Danny Moore added: Remember the new gas tank shield they have started putting on the new Crown Vic police packages? Well, my Diplomat already has the shield between the rear axle and the gas tank, and it is 15 years old!
I was never convinced that a used squad made for a decent daily driver. The only way that I ever saw any success in that respect was a complete, detailed overhaul. Essentially, when the wrench work was done, the car was mechanically brand new.
Another terror to beware of in the "M" bodied Diplomat and Gran Fury was the suspension towers. All of a sudden you couldn't keep the babies in line, and got some real squirrely handling. It took Chrysler a while to figure this one out. However the shock towers of the front suspension sagged inward! LA and LA Sheriff banned the transverse torsion bar suspension from participation in the bidding process. This problem started showing up as early as 1980!

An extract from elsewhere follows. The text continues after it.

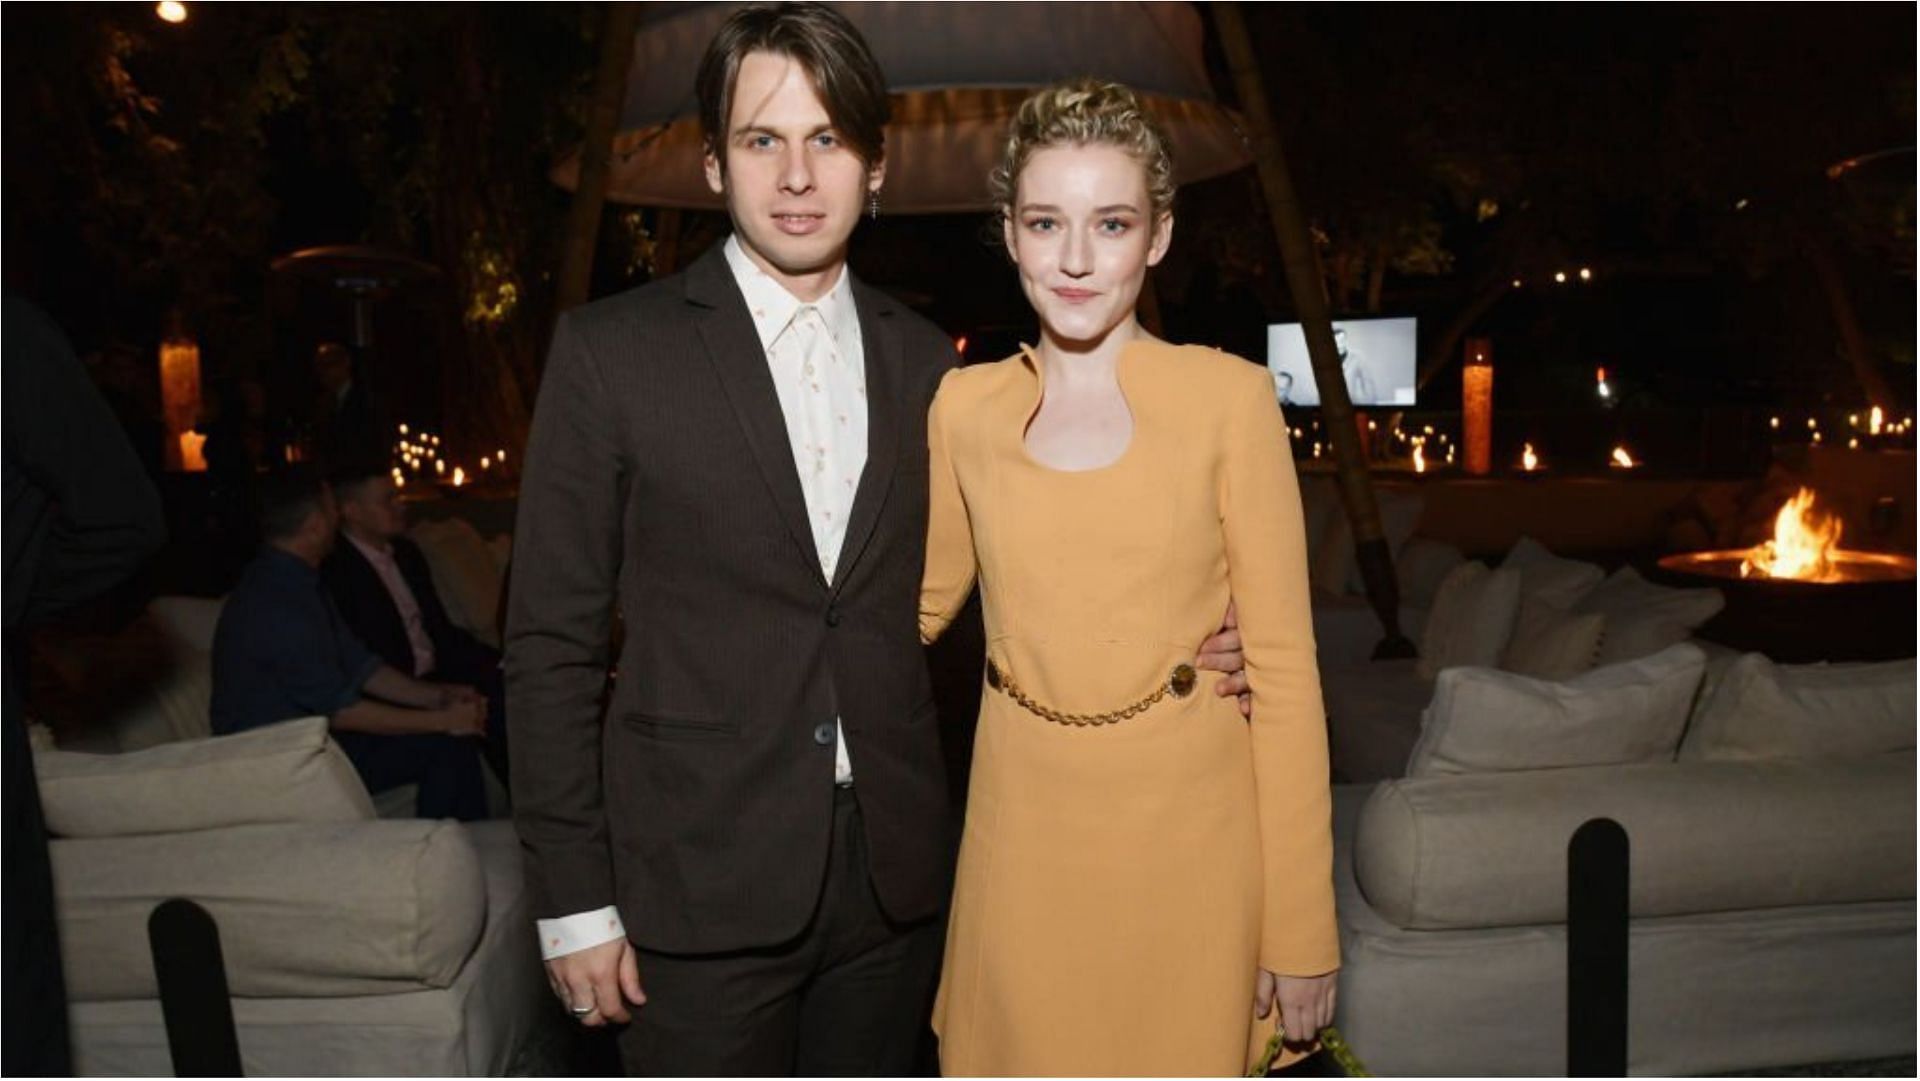 Julia Garner and Mark Foster exchanged vows in 2019 (Image via Emma McIntyre/Getty Images)

To make matters worse, the K-member of the frame where the suspension was mounted, cracked, allowing further degradation of the sagging due to low quality tensile strength steel. This was particularly evident in the 1984, 85, 86 and 87 "M" bodied cars.
Once the suspension exhibited the nasty habit of going out of alignment within hours of having been reset, the only cure was replacement of the K-member and the shock towers. A rather expensive fix.

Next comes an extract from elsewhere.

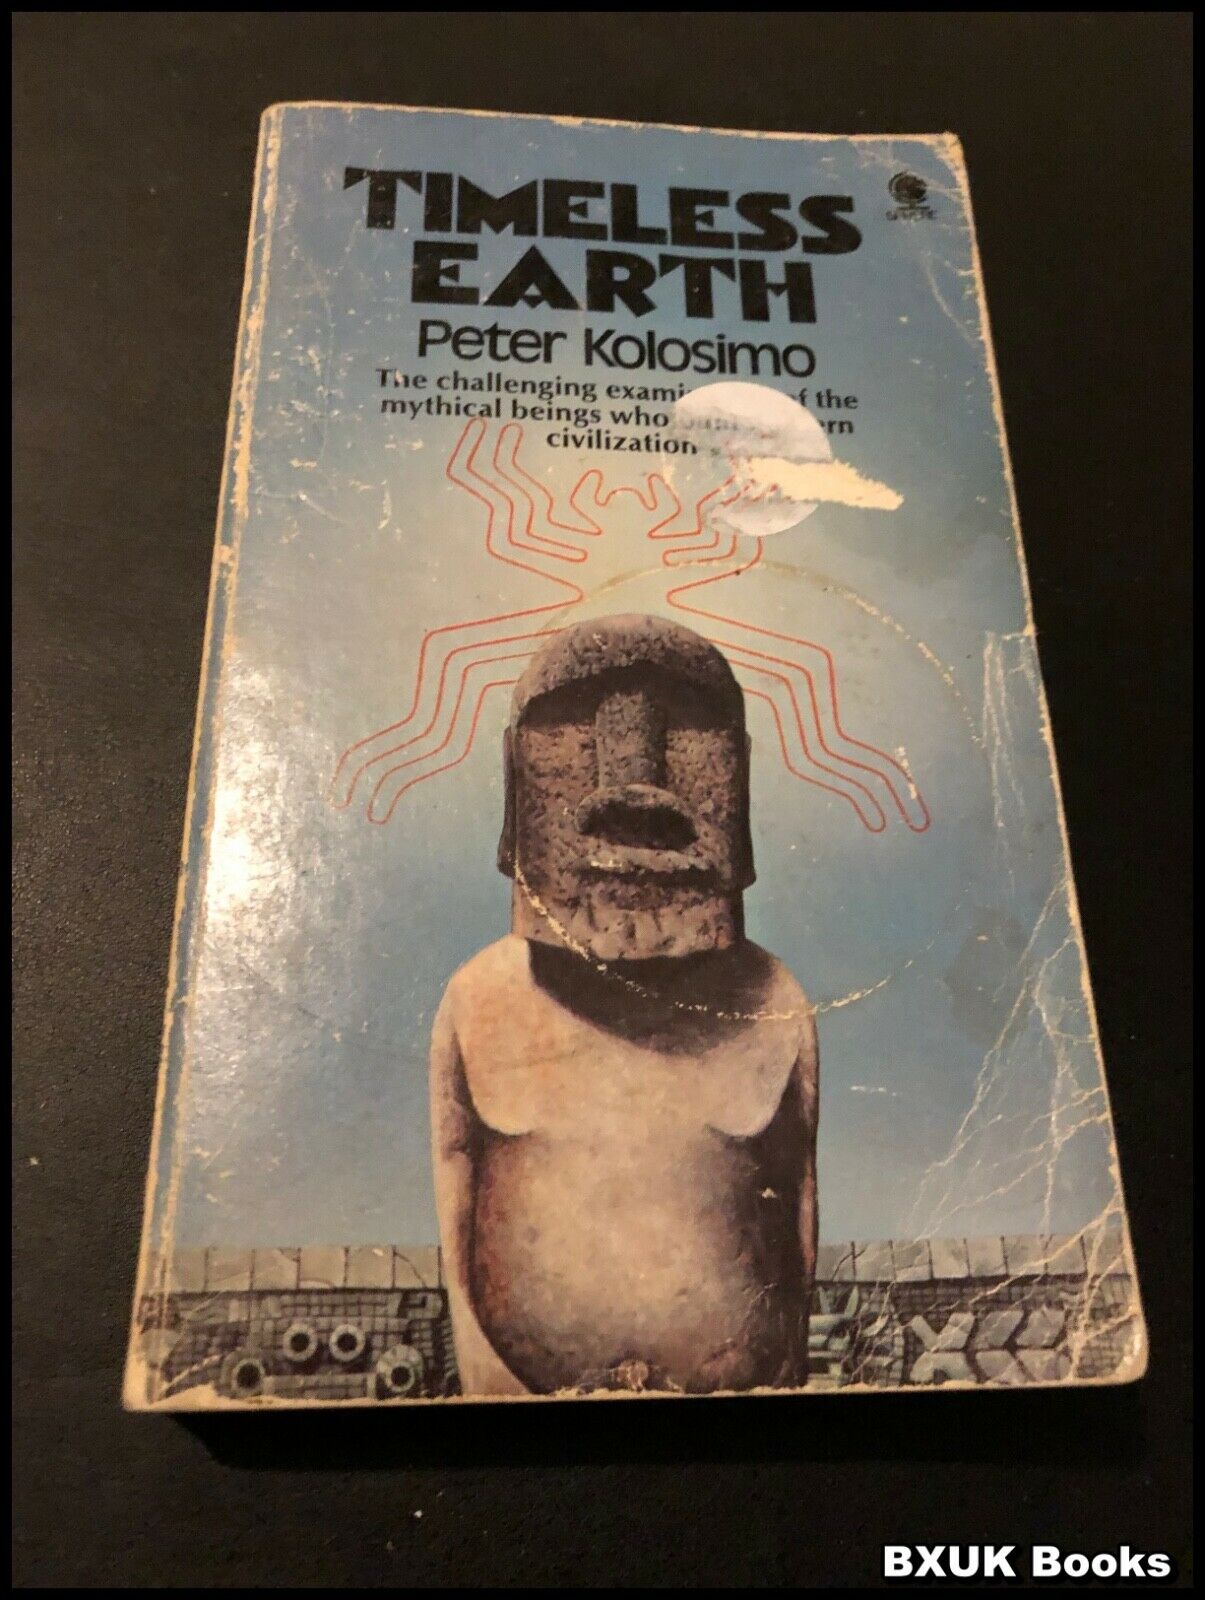 Timeless Earth by Peter Kolosimo (Paperback, 1974)

As a sort of back handed tribute to Chrysler engineering, this "out of alignment" problem was related ONLY to severe service, i.e.: Police cars and or taxis. It was also directly proportional on the type of driving it had received. The NYC police, operating on the bombed out streets of the Bronx and Manhattan, had suspension problems within weeks. A Nevada Highway Patrol might never had exhibited any problem at all. No civilian vehicles were ever reported with this sort of problem. Chrysler did solve the situation by 1986, however, they won't discuss the cure, unless you happen to be a Police Agency with a suspension problem! They did NOT make the fix at the manufacturing end until 1988. The tower mounts had to be replaced, and the K-frame as well.